Quick traditional FS background
===============================

Original Unix file system
  All data stored in 512-byte blocks
  Free blocks kept in a linked list
  Disk partitioned disk into three regions
    - Superblock: parameters of file system, pointer to head of free list
    - Inodes: type/mode/size, plus pointer to file/directory blocks
      For large files, has pointer to indirect, double indirect, etc. blocks
    - Data blocks: Plain old file data, also indirect blocks,
      for directories have blocks of filename->inode# mappings
Limitations of Unix FS
  Never transfer more than 512 bytes/disk access
    On old disks required at least one rotation per 512/bytes
      @3,600 RPM that means 30 KBytes/sec!
  Many factors make for long seek times reducing throughput even further
    After a while, allocation from free list random, so no locality
    Inodes are far from both the directory and file's data
    Within a directory, inodes of related files not near each other
  [Functionality restrictions like short file names and no rename]

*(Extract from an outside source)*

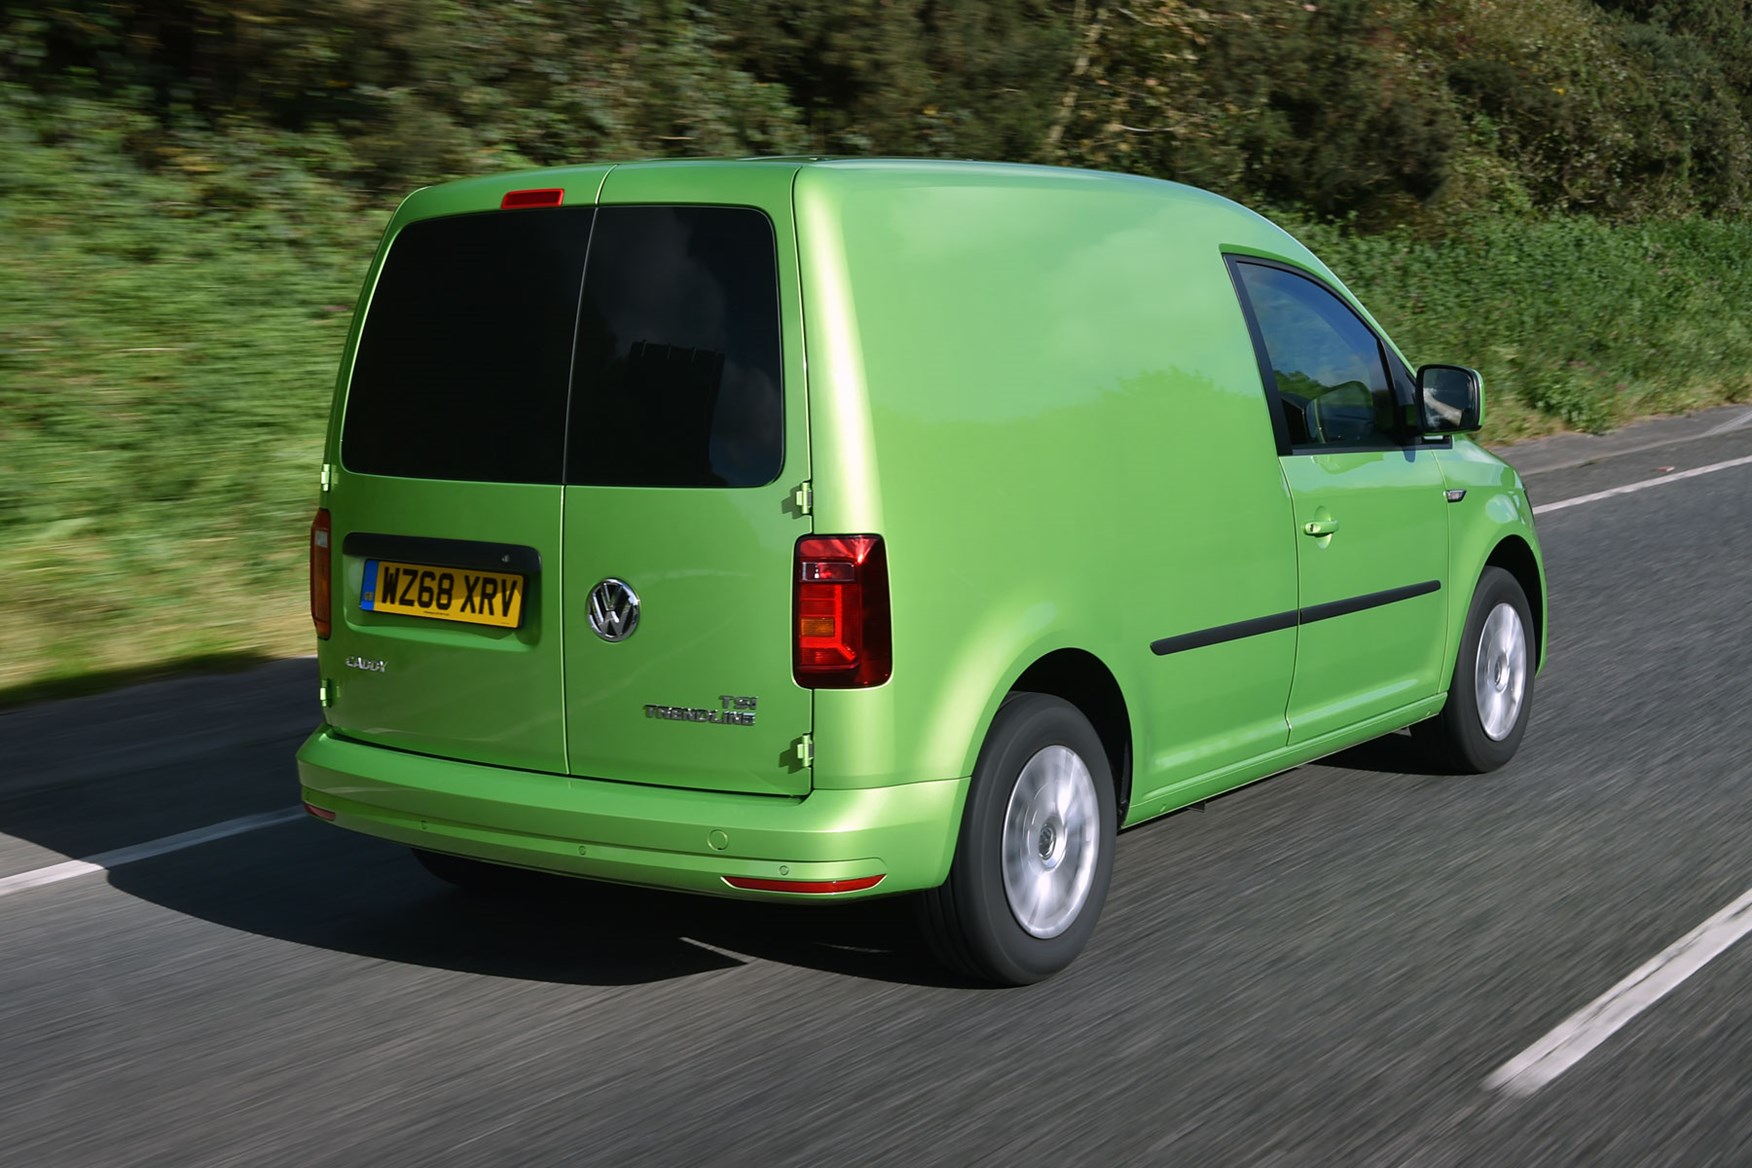 VW Caddy review - 2018 model, rear view, driving, green

Berkeley Fast File System (FFS) improved Unix FS in 1980s
  Larger block size of at least 4K
    (use "fragments" when last block of file < blk size, to avoid wasted space)
  Bitmaps replace the free list
  Cylinder Groups spread inodes throughout disk
    Try to located files in same directory in same CG
    Try to allocate file blocks in same CG as inode
  After crash, run fsck (file system check) program
    Checks every inode's fields for consistency
      (e.g., size, data block pointers, link count)
    Checks directory structure for consistency
    Time to run is proportional to size of file system (non-scalable w. trends)

What happens when you create a 1K file on FFS?
  Must make at least 5 writes:
    - directory block: to record the name of the new file
    - directory inode: to record new modification time
    - file inode: to initialize it with metadata
                  then (possibly again) for new file size and data block ptr
    - file data block: to store file contents
  Worse yet, many of these writes must be synchronous!
    Much more on this next lecture
    Basic point is you have to leave file system in a state fsck can fix
    Requires doing writes in a particular order
      (E.g., delete file and create new one with same data block
             want to make sure you don't end up w. both files cross-allocated)
    FFS uses synchronous writes to ensure ordering
      could imagine not doing it, but next lecture will see how not so simple

Log-structured file system
==========================

What problems is this paper addressing?
 Disk seek times not improving as quickly as CPU, transfer times, etc.
 Larger file caches
 - Increase write-to-read bandwidth ratio
 - Potentially allows large write buffers
 FFS bad for small file accesses (especially creates)
 - Office and engineering workloads
 FFS requires many synchronous writes for metadata operations
 Crash recovery time increases linearly with disk sizes

How is disk layed out?
 Superblock: #segments, segment size, etc.
 Checkpoint region
 Segments
   Segment summary
   - inumber, version, offset for each block
   Log entries:
   - Inode: mtime, data/indirect block locations
   - Inode map: inode locations, inode versions, atimes
   - Indirect block
   - Directory change log: link/unlink/rename
   - Segment usage table: #bytes free in segments, write times

F = file data block, D = directory data block
	| F1,1 | F1,2 | I1 | F2,5 | F2,8 | I2 | D7,1 | I7 |
            \--<---\--<-+
 Where do you store time of last access (inode map).  Why?
 Within segment, sort by inode and offset.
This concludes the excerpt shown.